See original description

Vadim Rovachev (vrovachev) on 2016-04-11

Changed in fuel:
assignee:	nobody → MOS Ceph (mos-ceph)
milestone:	none → 8.0-updates
importance:	Undecided → High
description:	updated

Revision history for this message

Vadim Rovachev (vrovachev) wrote on 2016-04-11:

fuel-snapshot-2016-04-10_02-23-37.tar.xz Edit (110.9 MiB, application/octet-stream)

Revision history for this message

Alexei Sheplyakov (asheplyakov) wrote on 2016-04-11:

> Because after deletion 2 from 6 ceph nodes
> We may have wrong work of ceph.

What does that mean, exactly? Please provide the output of ceph -s, ceph osd dump, ceph mon stat,
and the exact command which misbehaves. Hint: "rbd snap create -p volumes volume-$uuid@mysnap fails
with foo-bar error message" is a good description, and "$FOO test BAR fails" is next to useless.

> 4. Destroy all other nodes
> 5. Back to online nodes in step 4.

Could you please explain what `destroy the node' actually means?
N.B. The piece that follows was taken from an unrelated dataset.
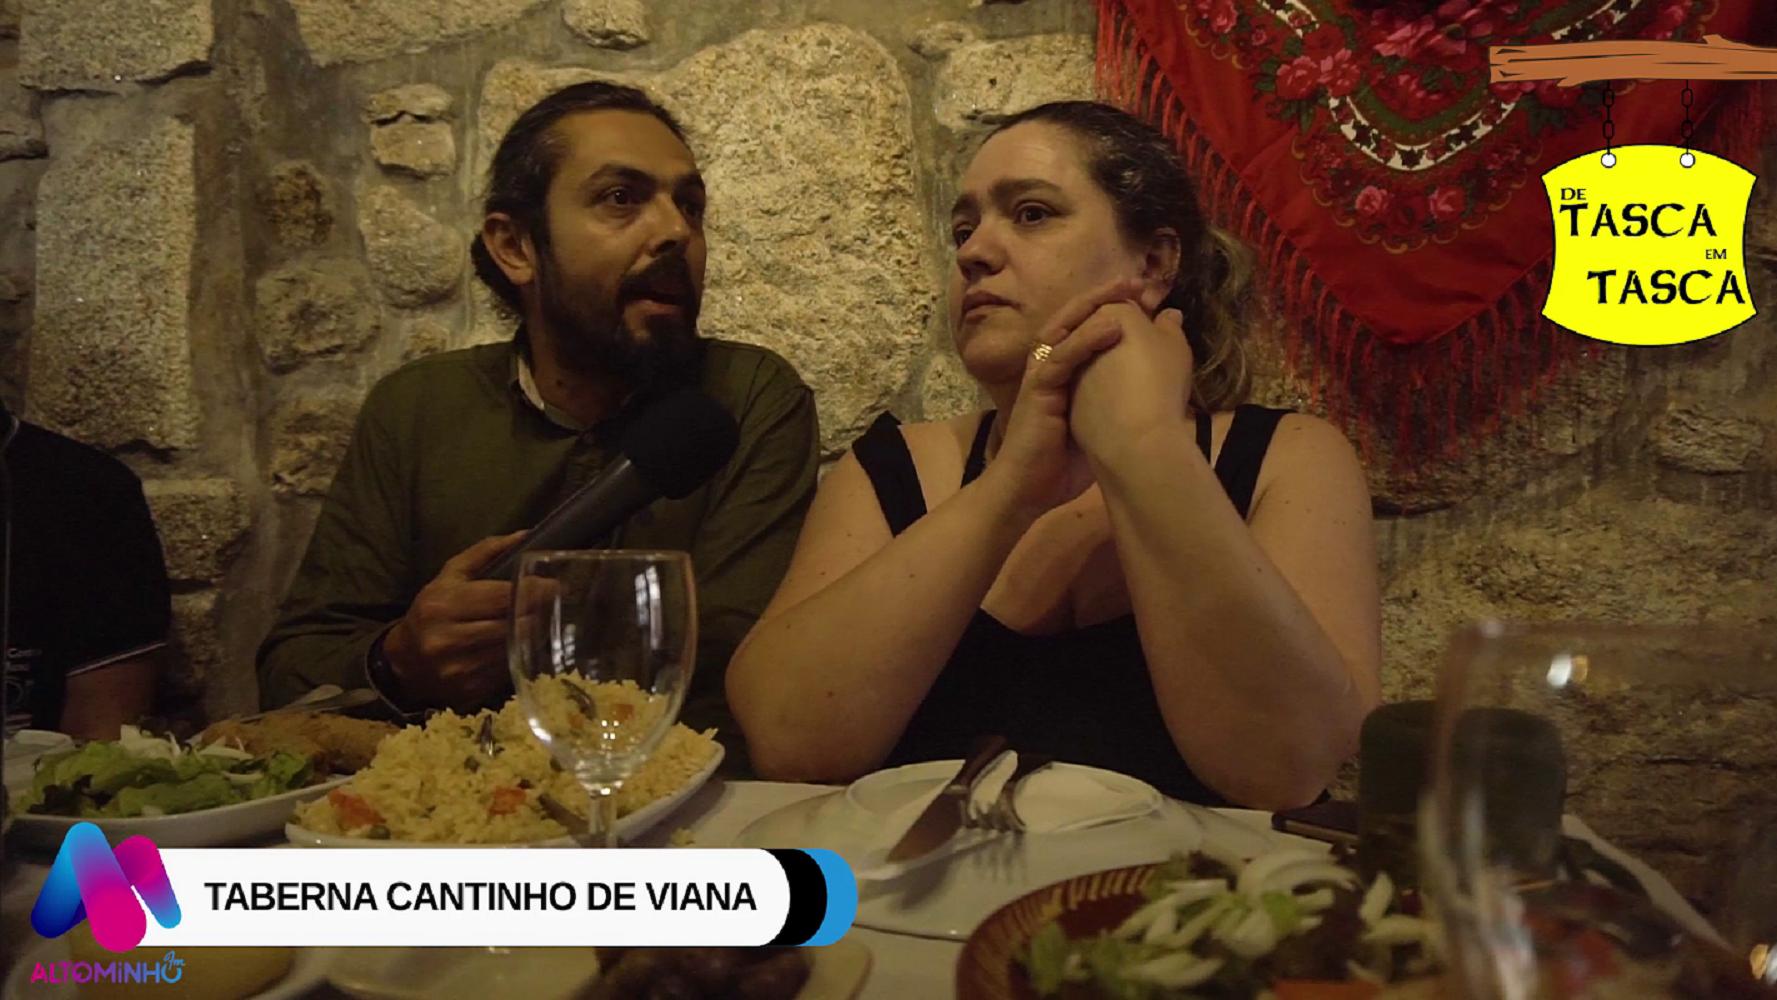 De Tasca em Tasca: Cantinho de Viana (Ep.16)

Is it a hard reboot or something else?

> https://github.com/openstack/fuel-qa/blob/stable/8.0/fuelweb_test/models/fuel_web_client.py#L2442-L2455

One should remove OSDs one by one giving ceph enough time to complete the data migration,
that is, one should proceed to removing the next OSD only after the data has been successfully migrated
after removing the previous one. See the official ceph documentation for more details (http://docs.ceph.com/docs/hammer/rados/operations/add-or-rm-osds/#take-the-osd-out-of-the-cluster)

> 1. Create env with 6 ceph-nodes
> 2. Delete 2 ceph nodes from cluster
> 3. Destroy 2 ceph nodes in step 3
> 4. Destroy all other nodes

So 1/3 of the storage has been improperly removed, and imediately after that
the whole cluster has been hard rebooted.

As a side note,

> Example: https://github.com/openstack/fuel-qa/blob/stable/8.0/fuelweb_test/tests/test_ceph.py#L271-L276

This cluster has both OSDs and monitors deployed at `slave-01', `slave-02', and `slave-03'.
Deploying OSDs and monitors onto the same node is not recommended. Please reproduce the problem
with a supported configuration (no mons and OSDs on the same host), collect the relevant data,
including, but not limited to, the output of ceph -s, ceph osd dump, ceph mon stat, and the exact command
which misbehaves, and reopen this bug.

Revision history for this message

Alexei Sheplyakov (asheplyakov) wrote on 2016-04-11:

The problem description is way too vague, marking the bug as Incomplete. Feel free to provide the relevant data (see the comment #2) and reopen the bug.

Changed in fuel:
status:	New → Incomplete

Revision history for this message

Alexei Sheplyakov (asheplyakov) wrote on 2016-04-11:

> Because after deletion 2 from 6 ceph nodes We may have wrong work of ceph.
> After some long time ceph cluster back to normal work(~ 1 hour)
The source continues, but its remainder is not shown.